Symmetric Multi-Processor (SMP)
       Hardware architecture where multiple processors share a single address space and access to all resources;
       shared memory computing.
Distributed Memory
       In hardware, refers to network based memory access for physical memory that is not common. As a
       programming model, tasks can only logically "see" local machine memory and must use communications
       to access memory on other machines where other tasks are executing.
Communications
       Parallel tasks typically need to exchange data. There are several ways this can be accomplished, such as
       through a shared memory bus or over a network, however the actual event of data exchange is commonly
       referred to as communications regardless of the method employed.
Synchronization
       The coordination of parallel tasks in real time, very often associated with communications. Often
       implemented by establishing a synchronization point within an application where a task may not proceed
       further until another task(s) reaches the same or logically equivalent point.
       Synchronization usually involves waiting by at least one task, and can therefore cause a parallel
       application's wall clock execution time to increase.
Granularity
      In parallel computing, granularity is a qualitative measure of the ratio of computation to communication.
              Coarse: relatively large amounts of computational work are done between communication events
              Fine: relatively small amounts of computational work are done between communication events
Observed Speedup
      Observed speedup of a code which has been parallelized, defined as:
                                                                                                               5
        wall-clock time of serial execution
        -----------------------------------
        wall-clock time of parallel execution
       One of the simplest and most widely used indicators for a parallel program's performance.
Parallel Overhead
       The amount of time required to coordinate parallel tasks, as opposed to doing useful work.
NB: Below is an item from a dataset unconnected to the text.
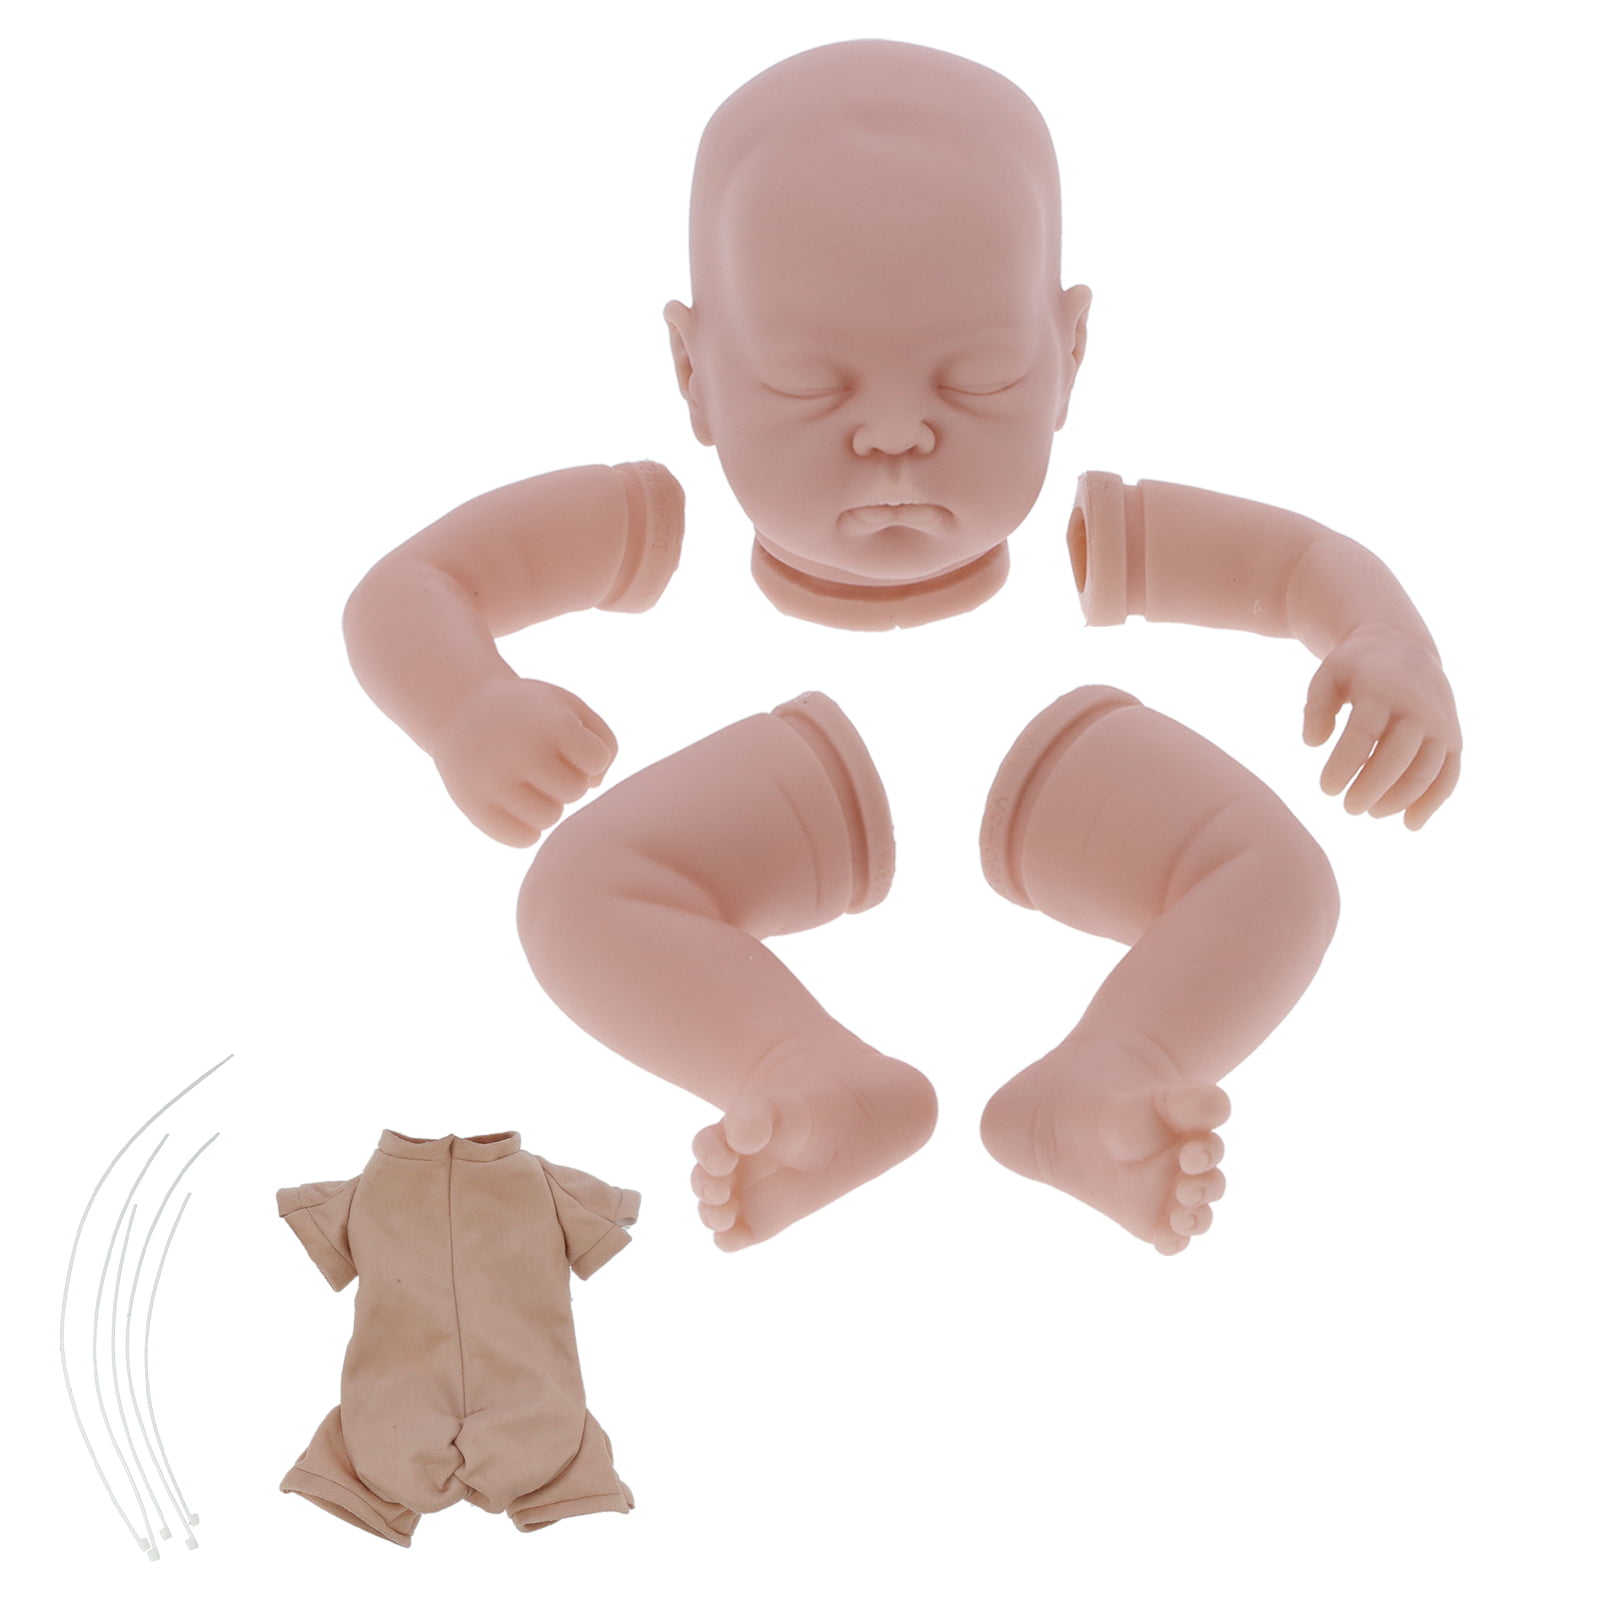 Large 29 Inch Unpainted Reborn Full Limb Mold & Cloth Body Baby Supplies DIY

Parallel
       overhead can include factors such as:
              Task start-up time
              Synchronizations
              Data communications
              Software overhead imposed by parallel compilers, libraries, tools, operating system, etc.
              Task termination time
Massively Parallel
      Refers to the hardware that comprises a given parallel system - having many processors. The meaning of
      "many" keeps increasing, but currently, the largest parallel computers can be comprised of processors
      numbering in the hundreds of thousands.
Embarrassingly Parallel
      Solving many similar, but independent tasks simultaneously; little to no need for coordination between
      the tasks.
Scalability
       Refers to a parallel system's (hardware and/or software) ability to demonstrate a proportionate increase in
       parallel speedup with the addition of more processors. Factors that contribute to scalability include:
              Hardware - particularly memory-cpu bandwidths and network communications
              Application algorithm
              Parallel overhead related
              Characteristics of your specific application and coding
Multi-core Processors
       Multiple processors (cores) on a single chip.
Cluster Computing
       Use of a combination of commodity units (processors, networks or SMPs) to build a parallel system.
Supercomputing / High Performance Computing
Use of the world's fastest, largest machines to solve large problems.